Rated R

Starring: Jim Brown, Marlene Clark, Stella Stevens and Rip Torn

Rated: R Action, Crime, Drama

This film is about Slaughter (Jim Brown), a former captain of the Green Berets, and his mission to avenge the death of his parents.  Murdered from a car bomb set to detonate when his father turned the key in his ignition, Slaughter knows these deaths were intentional.  After discovering that the killings were at the behest of Dominic Hoffo (Rip Torn), a leader of a Mafia faction in Cleveland, Slaughter hunts him down. 

However, in his battle against Dominic and his henchmen, he is arrested for the murder of one of the mobsters while the boss and others escape, ultimately, to South America.

Because of his past military and intelligence expertise in the Vietnam War, Price (Cameron Mitchell) an administrator with the Treasury Department, offers Slaughter his freedom if he goes undercover to capture Dominic.  Also included in this arrangement is that Slaughter is to locate and return a computer that contains incriminating evidence on Dominic and his organized crime family.

Slaughter is aided in his mission for vengeance and justice by agents, Kim (Marlene Clark), who he mysteriously met at the hospital when he learned of his parents’ passing, and Harry (Don Gordon); as well as Ann (Stella Stevens), a prostitute who “belongs” to Felice (Norman Alfe), head of the mob.

Will Slaughter discover the true reasons for his parents’ murder and get his own brand of justice?  Or will the Mafia get to him like it did his family?  Viewers will get these questions and more answered when they tune in!

Slaughter was released by American International Pictures (AIP) in 1972.  Typical of ‘70s Blaxploitation films, it was produced on a low budget of $750,000.  Fortunately, it became a box office hit, with its sales garnering more than $10,000,000.  This success promptly led AIP to follow-up Slaughter with a sequel, Slaughter’s Big Rip-Off, which was released the following year.

The film was not acclaimed for its plot or acting.  However, most viewers, including critics, highlighted the balance and energy of action, humor, sex and violence.  Particularly praised was the performance of legendary athlete-turned-actor and activist, Jim Brown.  Brown represented the Black masculine ideal: he was handsome, smart, virile, brave, determined, skilled as a leader and lover, tough and committed.  In the review of Slaughter on Digital Bits website, it is written that “Brown has a lot of charisma and he is always interesting to watch.  This is a guy who in the movie portrays the proper stare, walk, and sexual bravura for his role.  In addition to the fact that this is a non-stop action flick, Slaughter will please even the hardest fan of the exploitation films.”

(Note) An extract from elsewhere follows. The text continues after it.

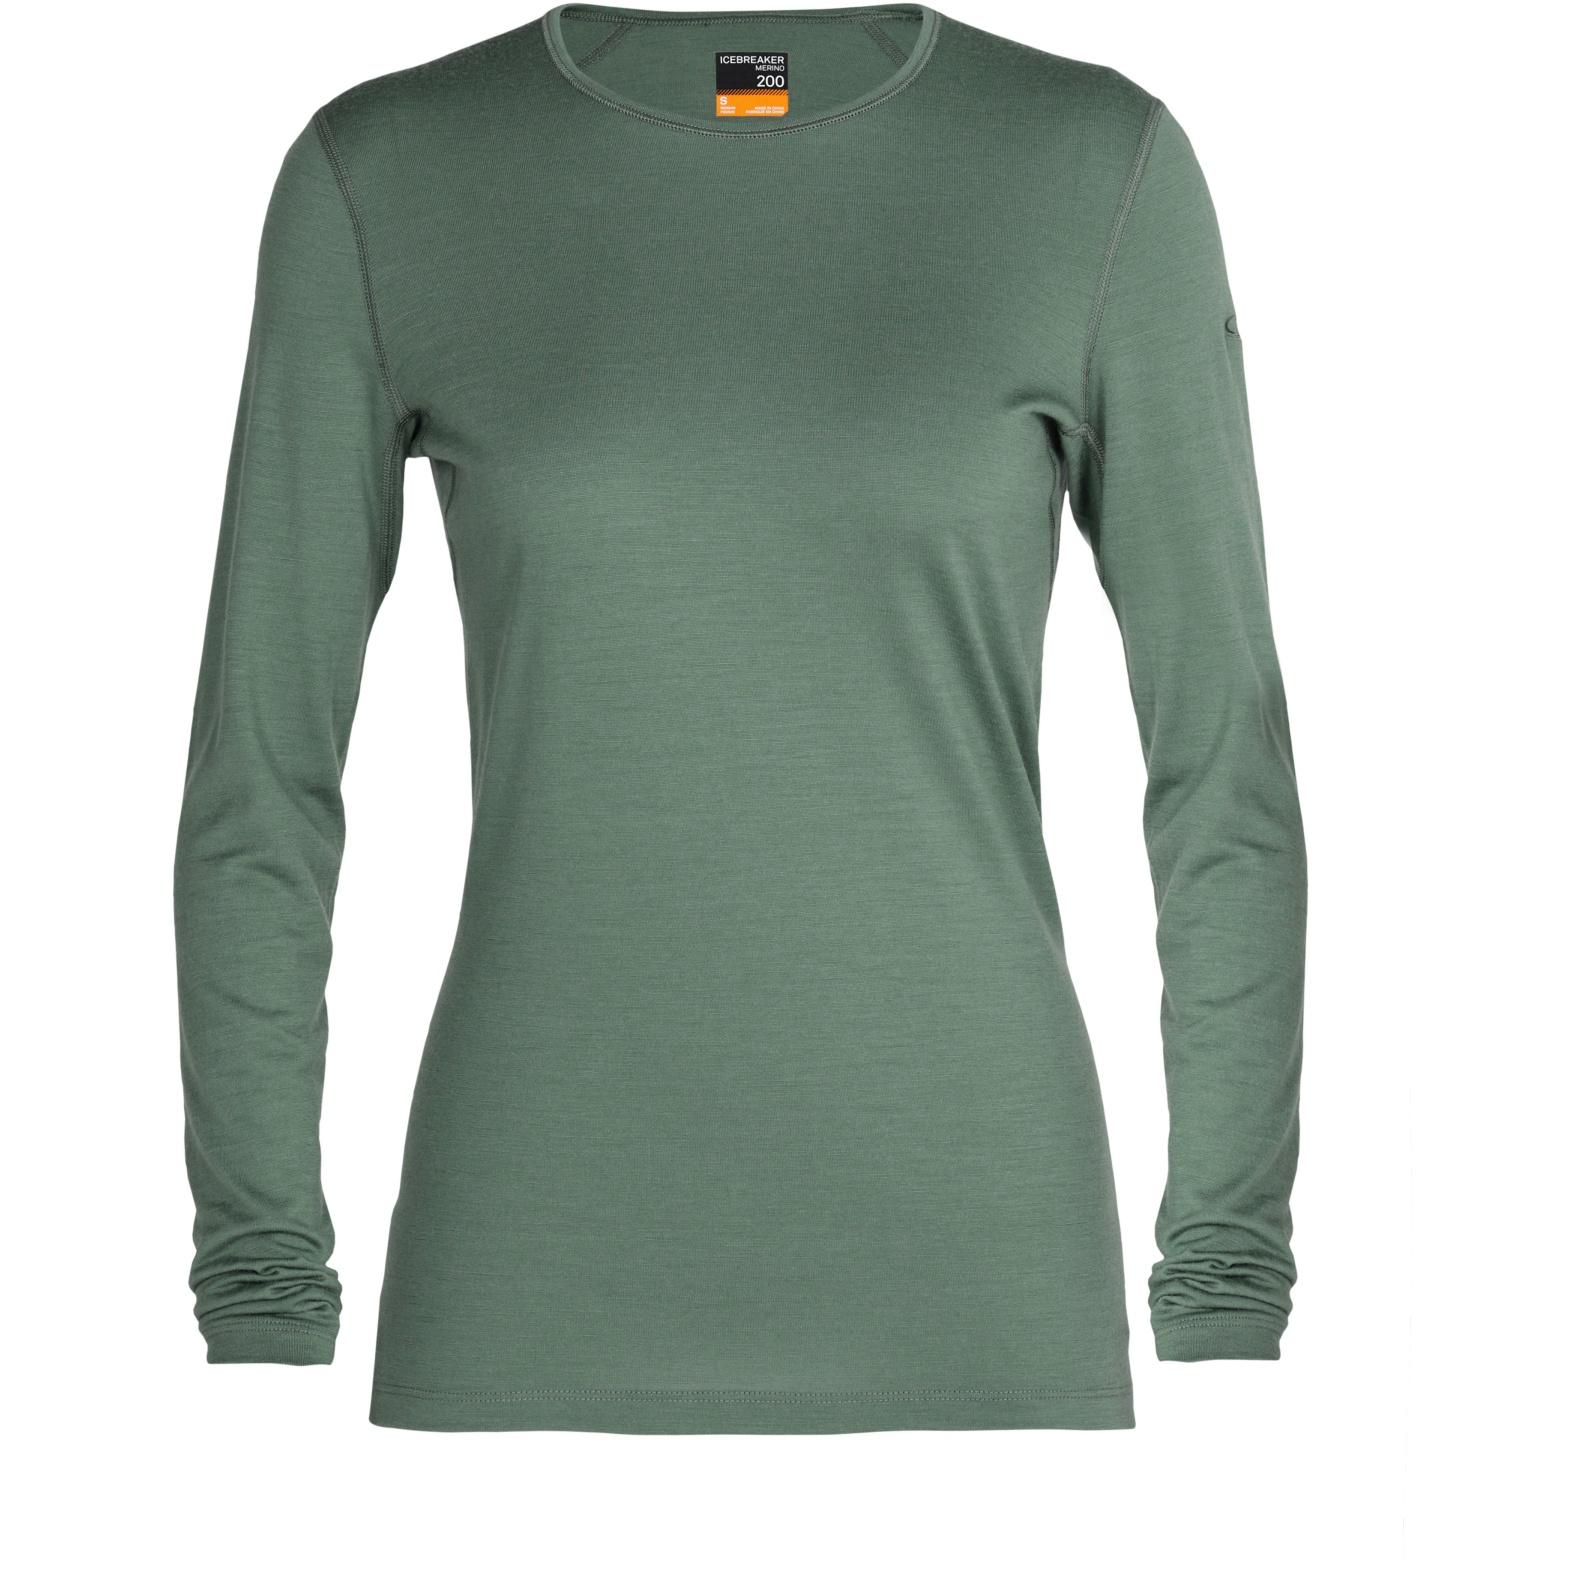 Produktbild von Icebreaker 200 Oasis Crewe Damen Langarmshirt - Sage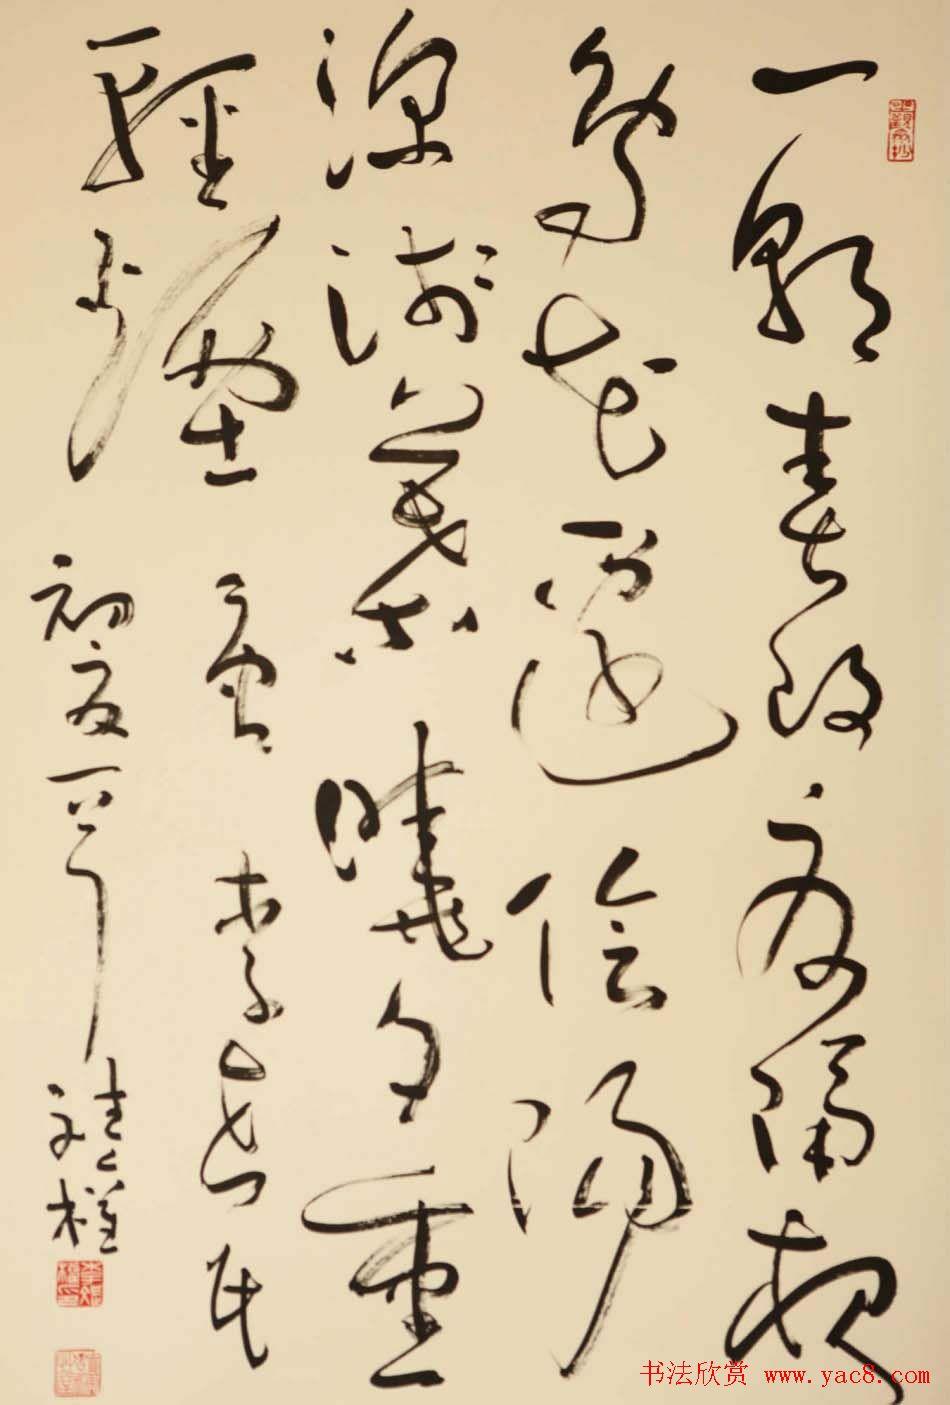 李斌权书法草书作品欣赏 第22页 毛笔书法 书法欣赏

The score of the film was created by Luchi de Jesus and though the film contained no soundtrack, the theme song of Slaughter was performed by gospel/funk/R&B composer and musician, Billy Preston.  This title track made Billboard’s “Hot 100” list at #50 and its “R&B Singles” list at #17.

Slaughter was released on DVD in 2001 and distributed by studio MGM and on Blu-ray in 2015 by Olive Films.